#### Data for this exercise:
%%

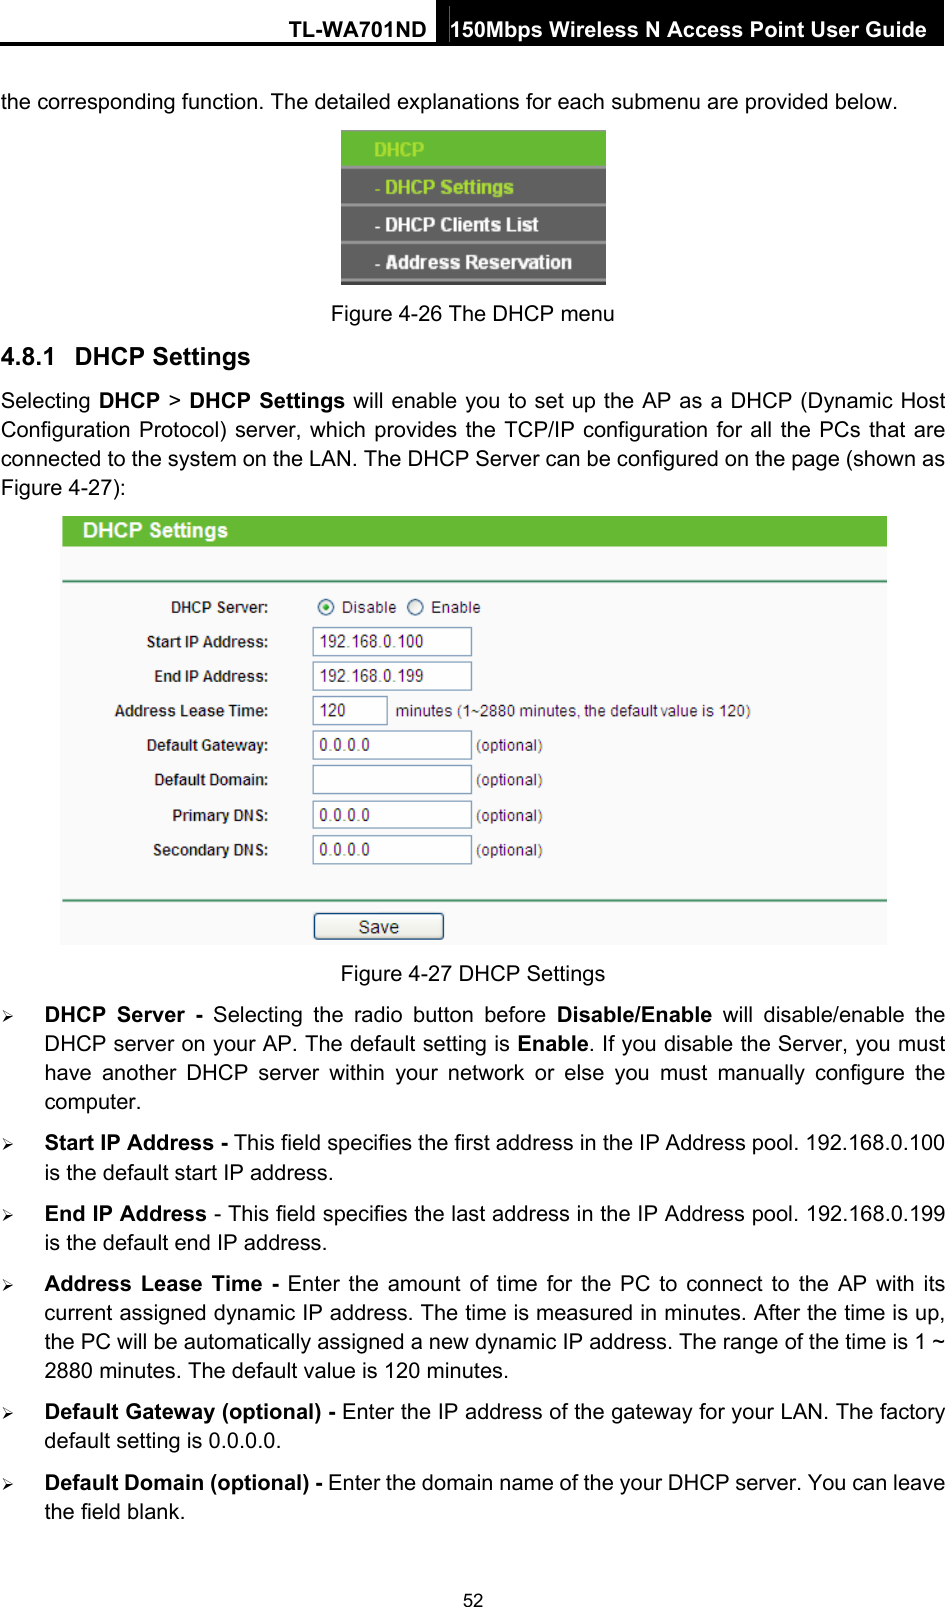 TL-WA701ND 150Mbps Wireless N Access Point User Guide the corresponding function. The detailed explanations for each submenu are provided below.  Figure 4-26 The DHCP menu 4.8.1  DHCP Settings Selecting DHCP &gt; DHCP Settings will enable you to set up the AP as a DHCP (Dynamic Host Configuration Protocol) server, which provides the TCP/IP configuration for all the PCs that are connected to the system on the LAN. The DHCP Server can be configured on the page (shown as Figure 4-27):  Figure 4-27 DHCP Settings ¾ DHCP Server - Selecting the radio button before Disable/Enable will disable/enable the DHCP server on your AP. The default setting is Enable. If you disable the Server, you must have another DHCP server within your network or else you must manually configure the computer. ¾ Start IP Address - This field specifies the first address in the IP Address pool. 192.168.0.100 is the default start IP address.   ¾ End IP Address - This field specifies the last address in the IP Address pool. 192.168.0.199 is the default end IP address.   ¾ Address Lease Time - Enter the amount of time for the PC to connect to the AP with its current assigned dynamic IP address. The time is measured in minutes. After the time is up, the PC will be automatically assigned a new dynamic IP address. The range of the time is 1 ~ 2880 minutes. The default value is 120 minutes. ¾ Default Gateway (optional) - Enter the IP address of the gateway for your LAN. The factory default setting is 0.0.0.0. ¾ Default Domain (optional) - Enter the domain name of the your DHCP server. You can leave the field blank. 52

%%
%%

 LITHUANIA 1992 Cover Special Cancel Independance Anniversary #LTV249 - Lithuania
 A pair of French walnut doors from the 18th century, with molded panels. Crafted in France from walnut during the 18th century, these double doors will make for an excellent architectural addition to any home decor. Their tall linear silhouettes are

%%
%%

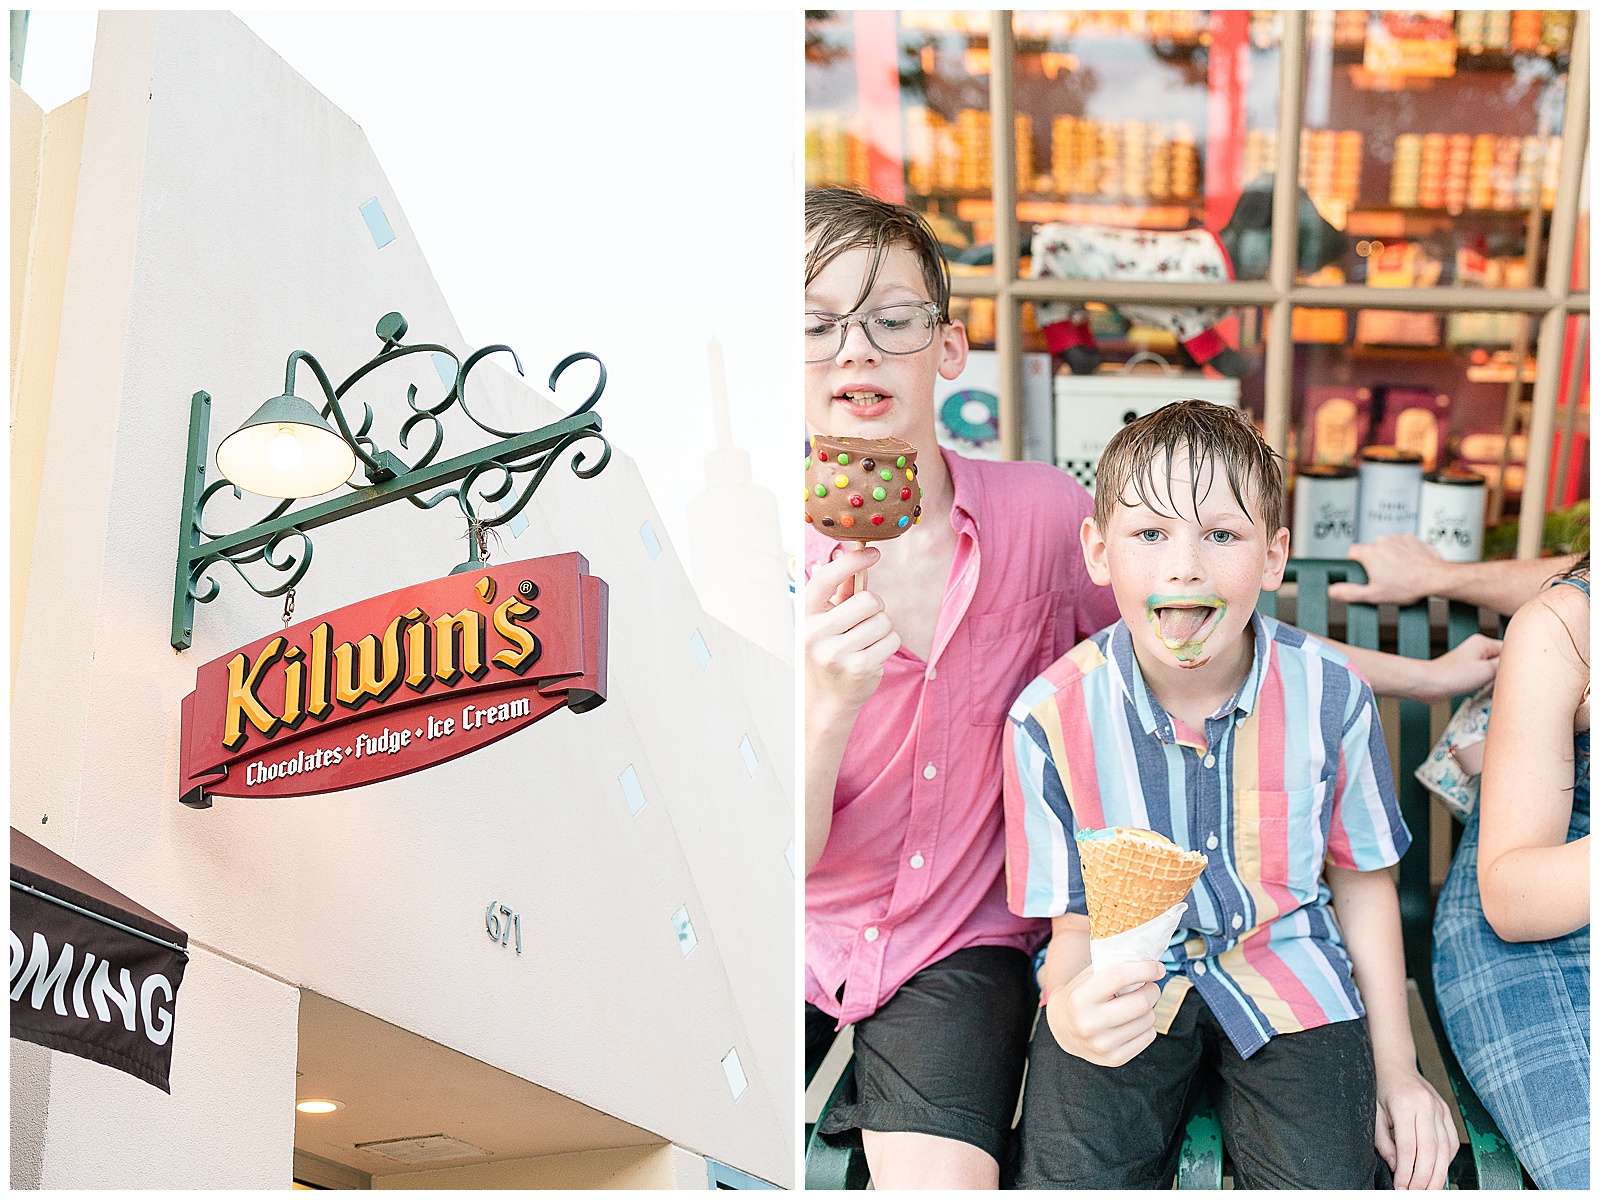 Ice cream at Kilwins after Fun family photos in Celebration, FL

%%

#### Problem to solve:
Please give again the lines above between the line holding "LITHUANIA 1992 Cover" and the line holding "A pair of French", inclusive, exactly as they are and with nothing added.

#### Task answer:
 LITHUANIA 1992 Cover Special Cancel Independance Anniversary #LTV249 - Lithuania
 A pair of French walnut doors from the 18th century, with molded panels. Crafted in France from walnut during the 18th century, these double doors will make for an excellent architectural addition to any home decor. Their tall linear silhouettes are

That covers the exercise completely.